A DUI Case in the Supreme Court

Oral argument was held in the U.S. Supreme Court yesterday in United States v. Begay, in which the Court is reviewing the Tenth Circuit's conclusion that drunk driving can be considered a "violent felony" for purposes of sentencing under the Armed Career Criminal Act. I regard Begay as one of the most interesting Tenth Circuit decisions issued in the last 18 months or so, and I've discussed the case in multiple posts, here, here and here.

The transcript of oral argument has already been posted on the Supreme Court's website. The attorney for the defendant, Margaret Katze, started out brilliantly but by the end of her argument she appeared to have lost several of the justices, especially Kennedy and Souter. In addition, Chief Justice Roberts asked a question that encapsulates why I think Judge Hartz got it right: "What do you think presents the most serious potential risk of injury to all of us, that we are going to be a victim of arson [which is indisputably a "violent felony" under the ACCA] or that we are likely to get hit by a drunk driver?"

January 15, 2008

A Very Cool "Random" Panel Assignment

A friend and erstwhile colleague pointed out to me this morning that the panel assignments are out for next week's term of court in Oklahoma.  One of the panels on Thursday will include Justice O'Connor, together with the new chief judge and the outgoing chief judge.  The panel will hear four arguments, two of which are from Colorado.  It appears that an Assistant U.S. Attorney in Denver, Michael Johnson, is representing the government in both cases, so he may have the unique opportunity to argue two consecutive cases before Justice O'Connor.  (Unless, of course, U.S. Attorney Eid exercises his prerogative to take one of the arguments for himself -- and who could blame him if he did?)

January 09, 2008

Stare Stare Decisis*

In John R. Sand & Gravel Co. v. United States, No 06-1164 the United States Supreme Court addressed the question of whether the Court should overturn an “anomalous” line of old cases regarding the timeliness of a suit brought in the Court of Federal Claims.  (The earliest of these cases, from 1883, involved a former Confederate soldier who wanted the statue tolled for the period in which he was under a legal disability imposed by Congress)  These cases held that the statute of limitations for suits in the court of Federal Claims could not be waived or tolled except as provided by the statute because it was intended to achieve the broader goal of facilitating the administration of claims rather than protecting the defendant from stale claims.

Writing for the majority, Justice Breyer argued that even if the law now favored giving greater weight to equitable concerns when interpreting statutes of limitations applicable to the government,   the resulting conflict was not “critical” or “unworkable”.  He also rejected the proposition that the earlier cases should be overturned because the court no longer believed they were “right.”  As a result, he concluded, there was no basis on which to overturn the earlier line of cases. 

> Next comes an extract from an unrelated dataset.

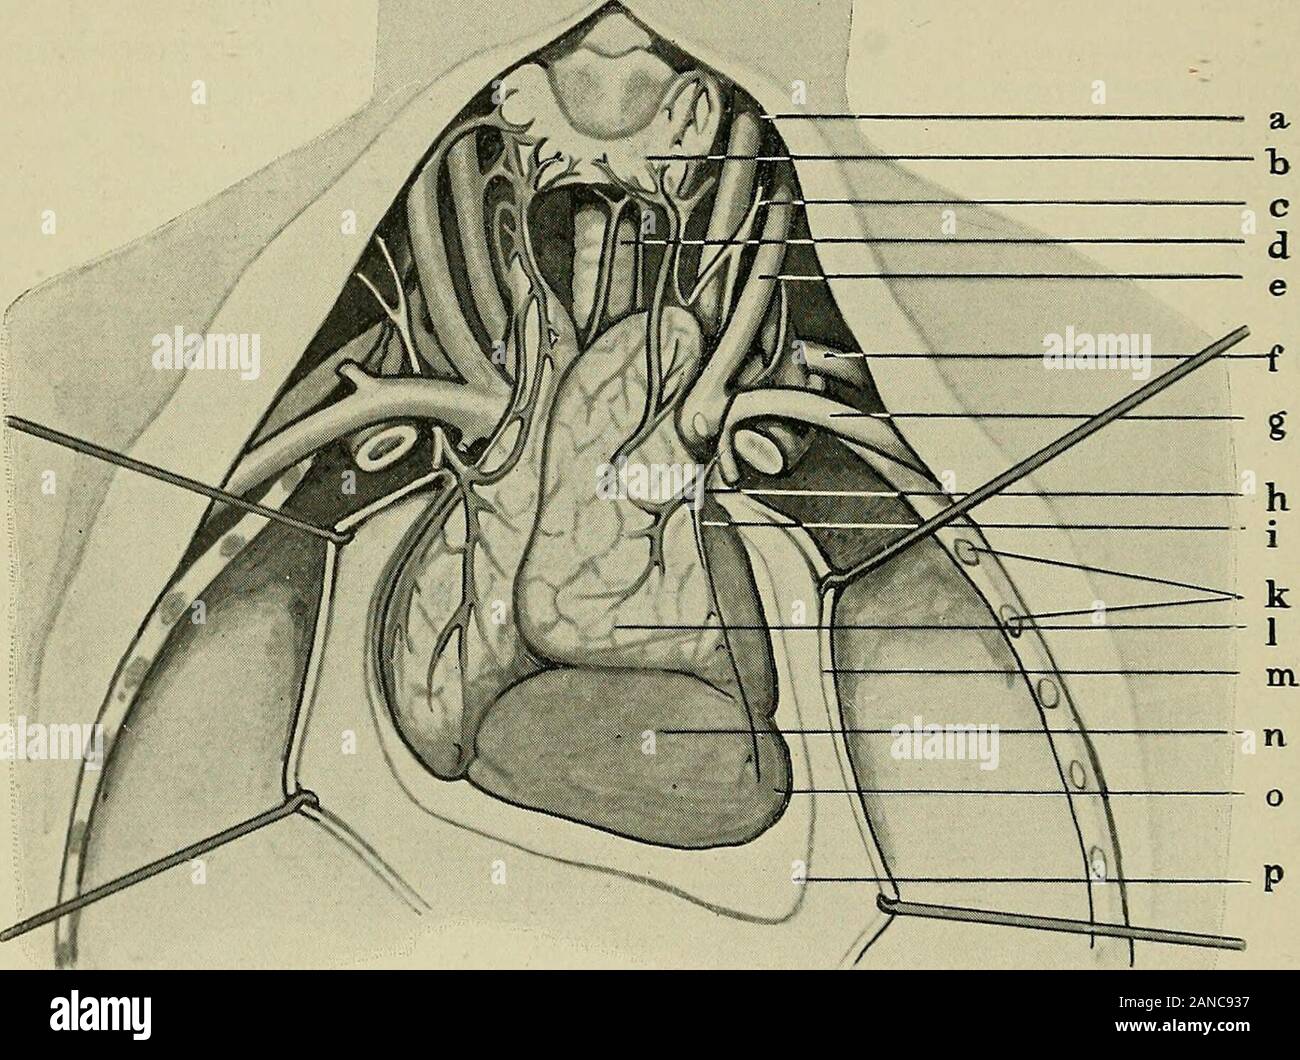 Chirurgie der Thymusdrüse . hlagstelle, weiter die Aorta ascen-dens, den Arcus aortae, greift auf die Lungenvenen über und kann hiernach Verdrängung der V. cava superior oder von links die Bifurkationder Trachea erreichen, sich sogar zwischen Trachea und Ösophagus ein- 30 Deskriptive und topographische Anatomie der Thymusdrüse. schieben. Sie folgt weiter der schräg nach rechts absteigenden V. ano-nyma sinistra. Mit dieser ist sie besonders fest verwachsen. Rechts trittsie nach der V. cava superior mit der V. anonyma dextra in Berührung.Oberhalb der V. anonyma sinistra liegt sie unmittelbar auf Stock Photo
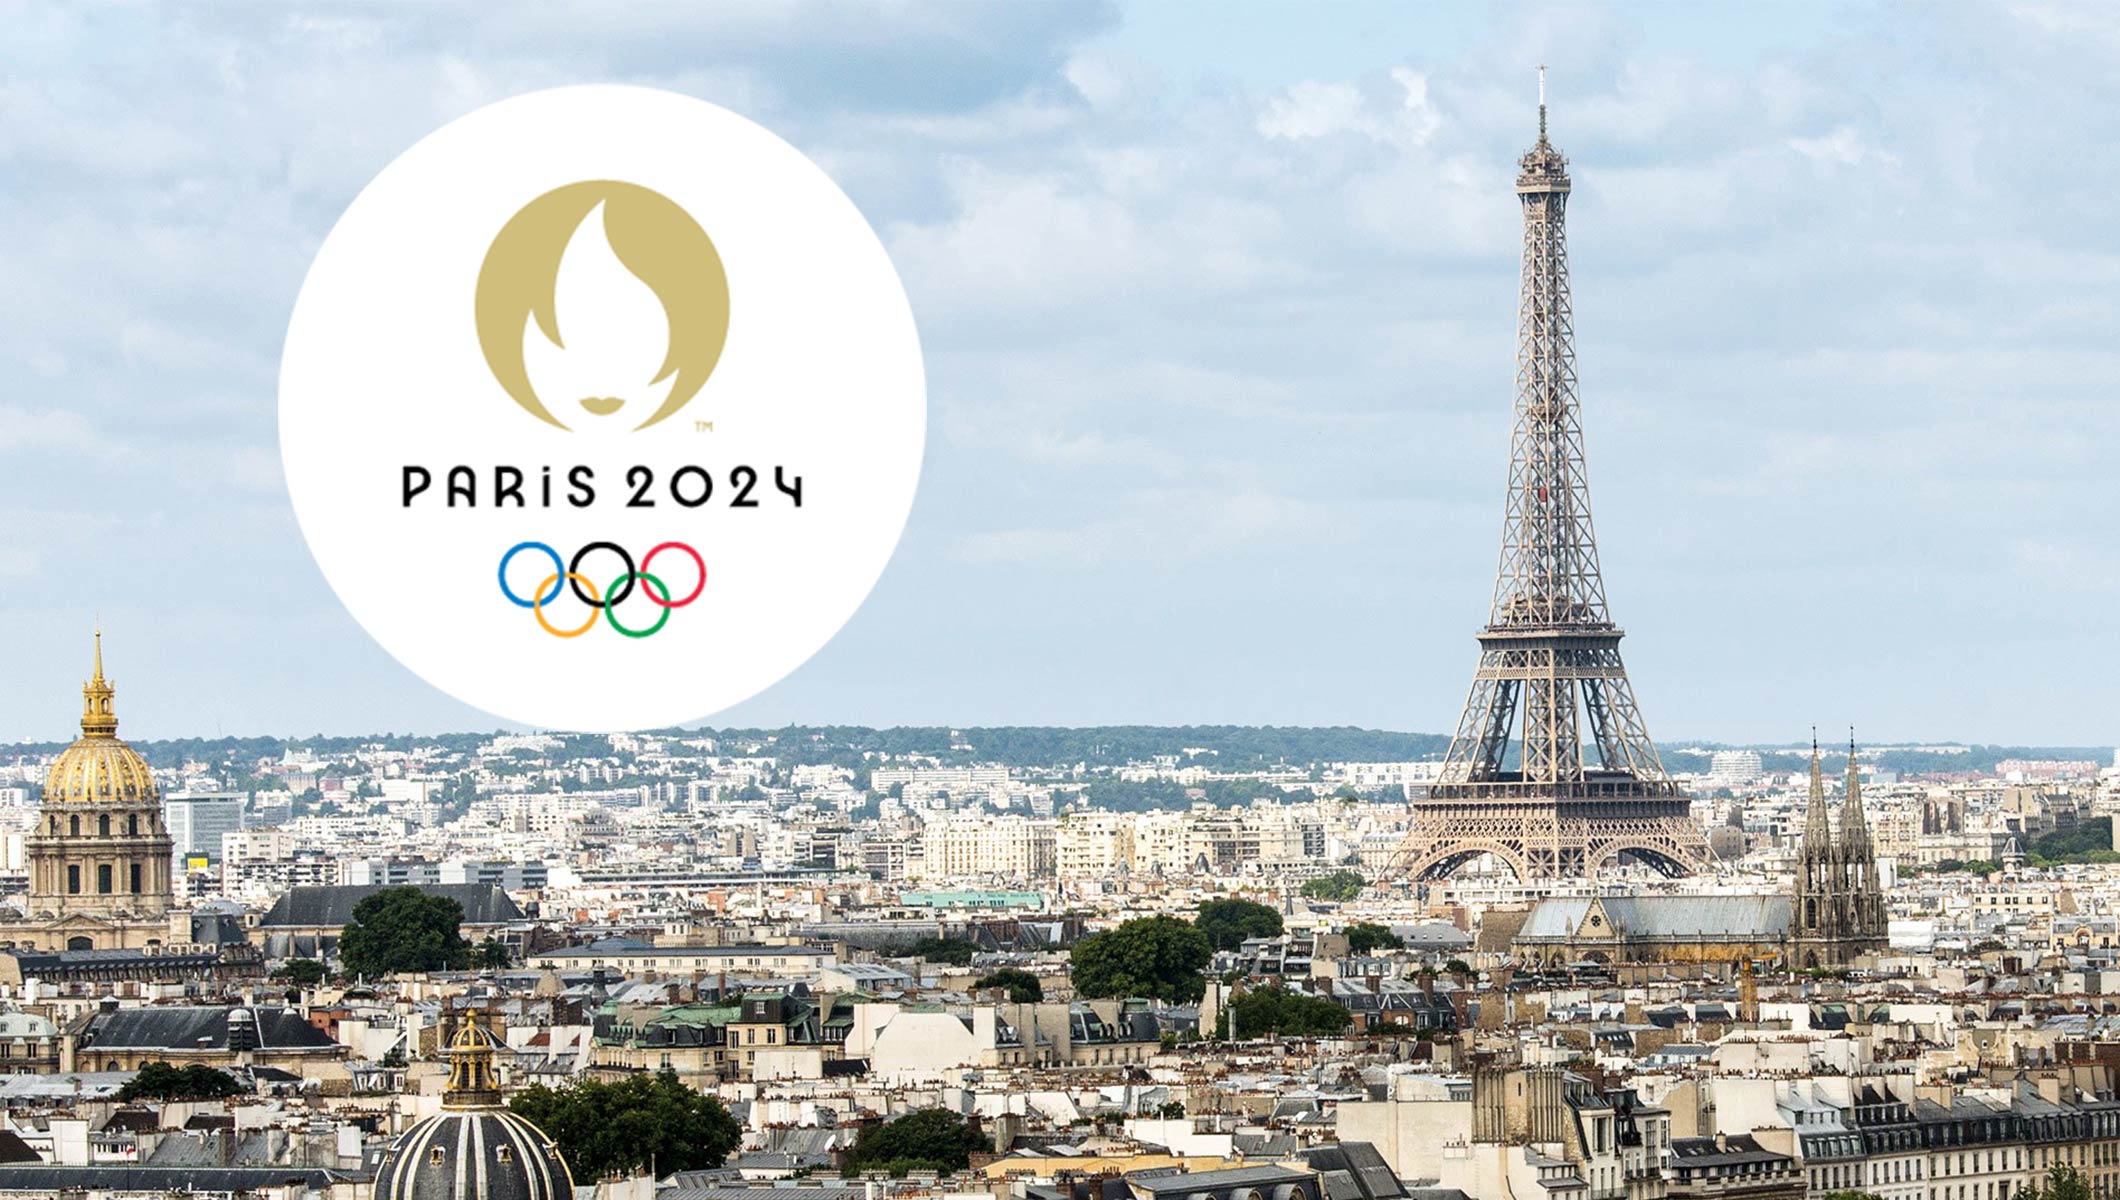 Break dancing becomes Olympic sport to debut at Paris Games 2024

Justices Stevens and Ginsburg dissented.  Justice Stevens cited the famous remark by Oliver Wendell Holmes that “[i]t is revolting to have no better reason for a rule of law than that so it was laid down in the time of Henry IV. It is still more revolting if the grounds upon which it was laid down have vanished long since, and the rule simply persists from blind imitation of the past.”  Ginsburg noted that failing to reverse the older line of cases leads to inconstancy and incoherence in the law (in part by leading to potentially conflicting interpretations of identical language in different statutes)  She also notes that the Court’s approach makes it difficult to predict when the court will overturn cases and when it will rely on stare decisis.